At that time, the licensee initiated an informal, undocumented ultrasonic (UT) thickness examination program to detect similar areas of erosion degradation.

In 1979 an Oconee Unit 3 24" steam extraction elbow, identical to the one which ruptured on Unit 2, developed a small leak. Analysis revealed that the leak was attributable to steam erosion.

Subsequent to the 1979 event, the licensee formalized their UT thickness inspection program in procedure MP-0-B-3005-06, " Procedure for Periodic Inspection of Extraction Piping Wall Th'ckness." The procedure required only that the measurements be performed 90 apart around the pipe but did not specify a grid map nor location of the measurements, such that subsequent inspection had no substantial correlation to the preitous inspections.

Subsequent to the current extraction line failure, the licensee inspected fifteen extraction line fittings on Oconee Units one and two. A detailed 4"x4" grid map was marked on the areas being examined, providing for test correlation / comparison and more detailed analysis.

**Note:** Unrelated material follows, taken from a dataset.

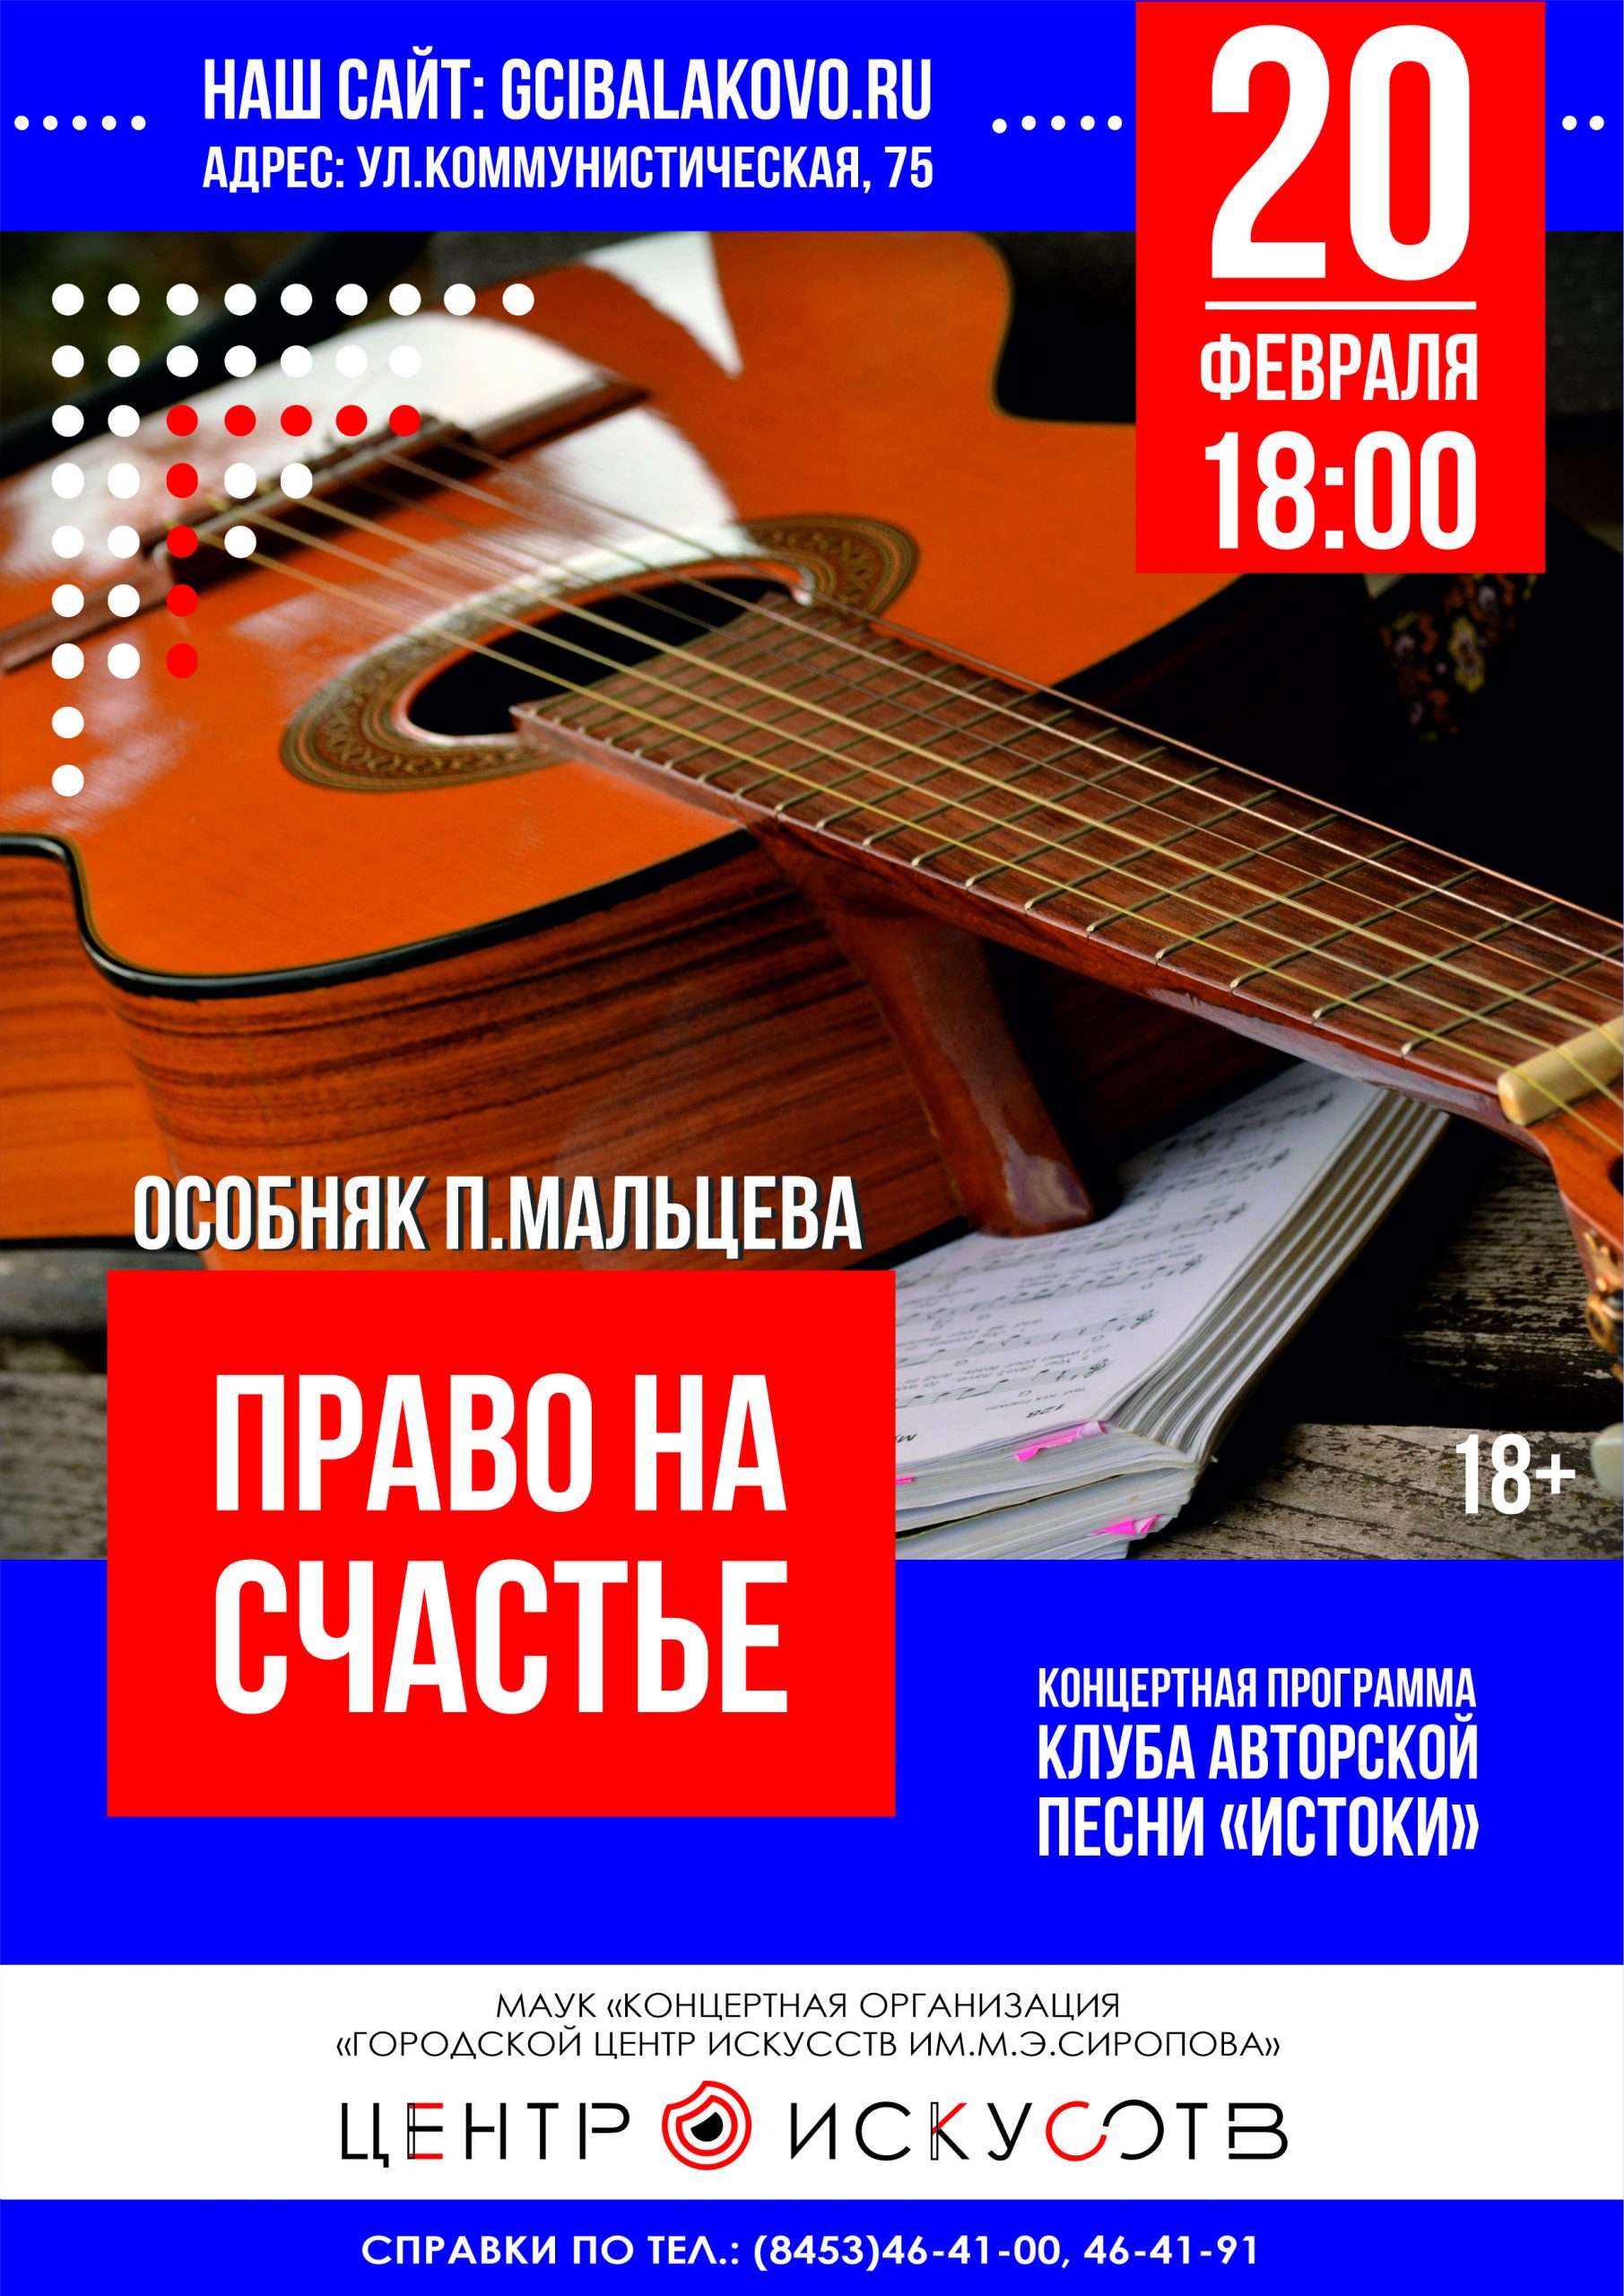 20 февраля в Особняке П.Мальцева пройдёт очередная встреча с участниками Клуба авторской песни «Истоки» под названием «Право на счастье».
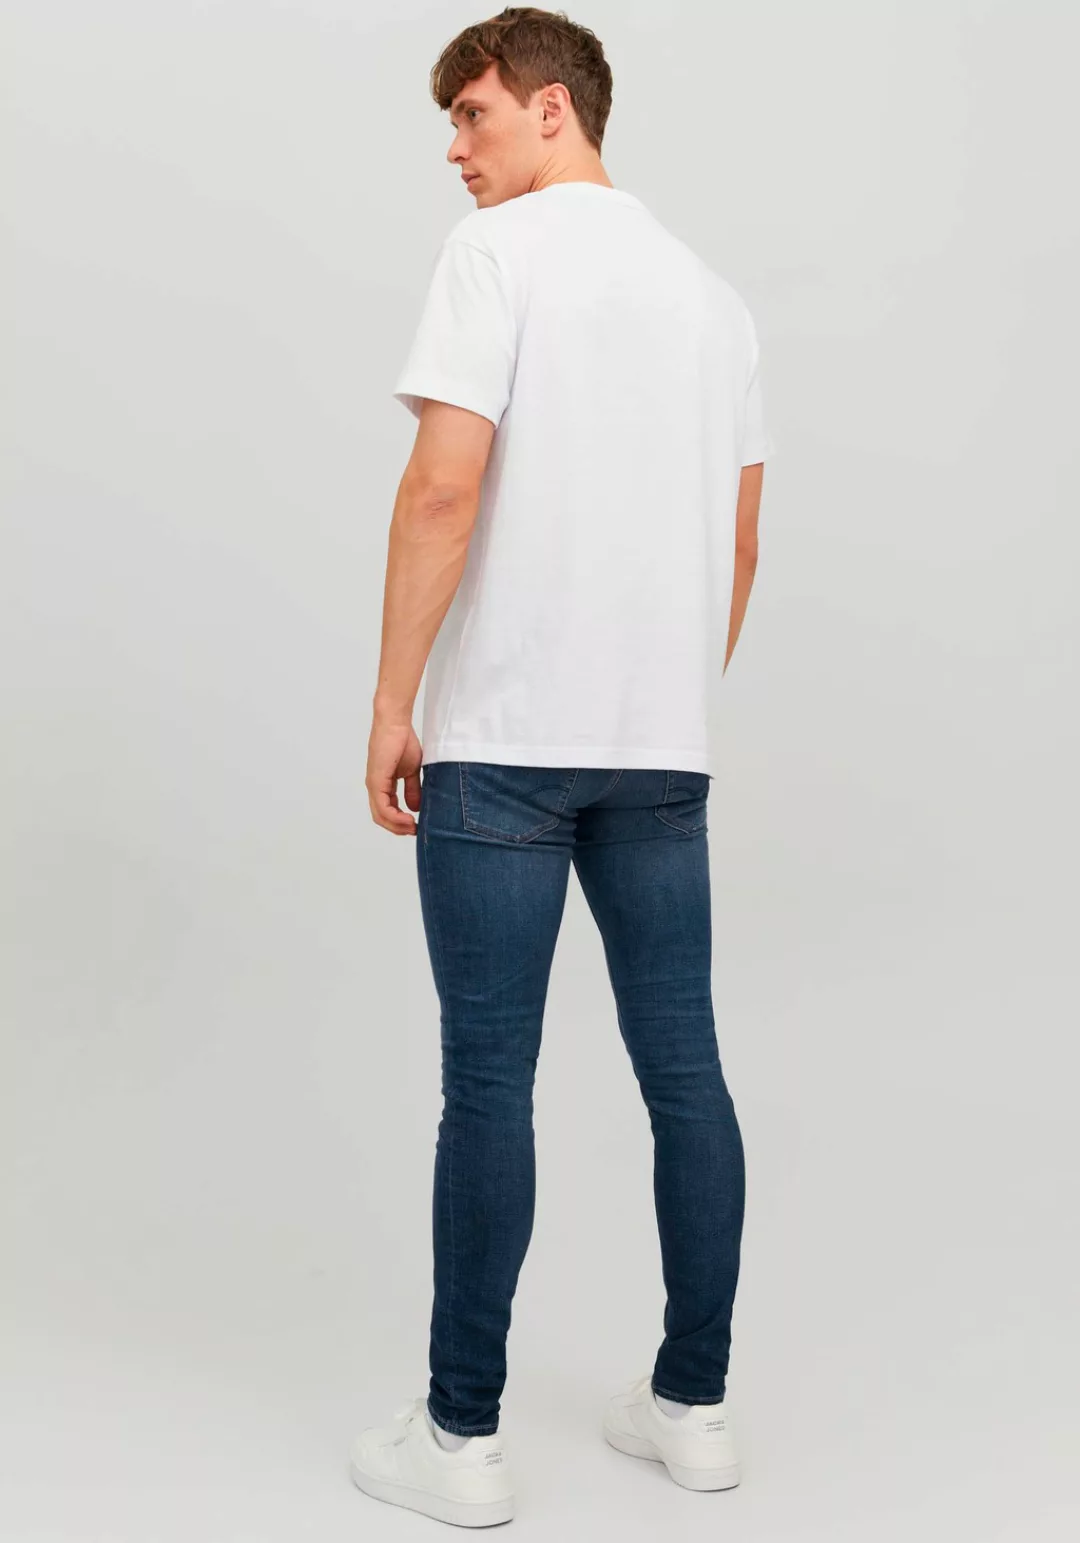 Jack & Jones Skinny-fit-Jeans JJILIAM JJORIGINAL JOS 047 50SPS günstig online kaufen

A July 1, 1982 UT examination of extraction piping on Oconee unit one, which was operating at full power, revealed an area of approximately 4"x4" which had been eroded from 375 mils to 100 mils, which is below the minimum wall thickness for that schedule pipe as delineated in ANSI B31.1.0-76.

Unit power was reduced, a patch welded on, and power returned to 100%. The licensee plans to replace the elbow during the next outage of adequate duration. The licensee also plans to inspect main steam system piping upstream of the main steam stop valves on Oconee Unit 3 in July 1982.

In retrospect, the most recent failure on Oconee Unit 2 appears attributable to steam erosion which was accelerated by sustained reduced power operation resulting in lower quality steam in the line.

The licensee is currently re-evaluating their program of examination of the extraction lines.